1.3. Analysis of Prior Research

Reviewing domestic and international research trends related to the selection of VE targets, it is observed that in current VE activities, target selection entails narrowing down the scope of VE activities by selecting the portion of projects designated by the client with the greatest potential for value enhancement, due to the limited resources and time of the VE team. However, there are limitations to using traditional cost modeling techniques for VE target selection. To overcome this, many researchers have proposed methods for VE target selection through surveys, cost modeling methods, and Worth derivation methods.

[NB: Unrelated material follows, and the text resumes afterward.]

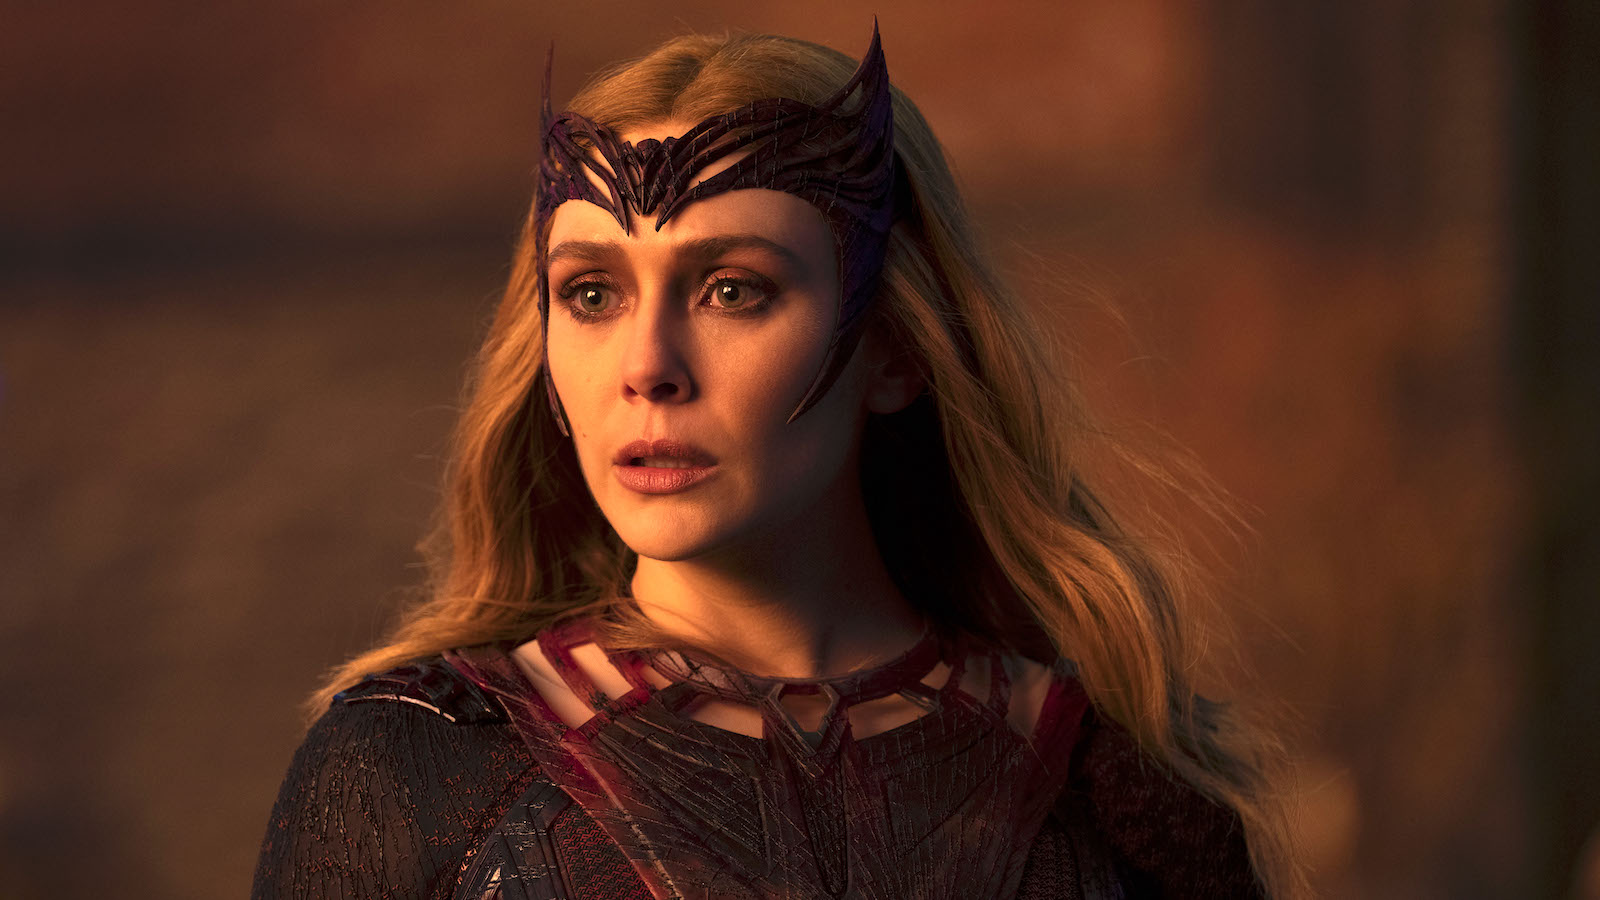 Elizabeth Olsen tests her knowledge of the history of Scarlet Witch

Firstly, examining previous studies utilizing surveys, the main drawback is that they tend to prioritize cost-centric approaches. Therefore, rather than relying on biased methods that focus solely on high-cost areas, such studies have proposed improvements based on directions like "customer value orientation," "overcoming functional cost (F) limits," and "utilizing the experience and subjective judgment of VE team members while pursuing consensus." In light of this, they have suggested the use of "cost-performance evaluation techniques" and the "inconsistent method" as a cost modeling technique for functional evaluation. And studies such as“ Improved the target selection method by quantifying the items requested by owners, users, and experts in the apartment design VE stage”, “Develop a quantitative and objective form element program by conducting functional definitions for each room of a building for users and experts, collecting extracted data, verifying and finding redundant elements”, “Presenting a process model that improves the connection between functional analysis and idea creation by applying the Chimera Idea Creation Concept, a thinking technique created by comparing construction projects to the virtual animal Chimera.”, “Measures to improve the design VE process by setting quality models for each project type”, “Proposal of construction VE suitable for Chinese construction environment through VE system survey”, “Developing a design verification model based on Quality Function Deployment (QFD) by architectural project participants through management and collaboration of owner requirements”, “Propose an efficient VE process model by investigating and evaluating the impact of smart technology on the VE process”, and“ Development of a design VE decision-making model for the precon stage of a construction-responsible CM project” also been conducted [4](p.4), [5](p.2), [6](p.514~527), [7](p.45~48), [8](p.24~25), [9](p.39~40), [10](p.54~56), [11](p.2), [12](p.28~30), [13](p.66~68).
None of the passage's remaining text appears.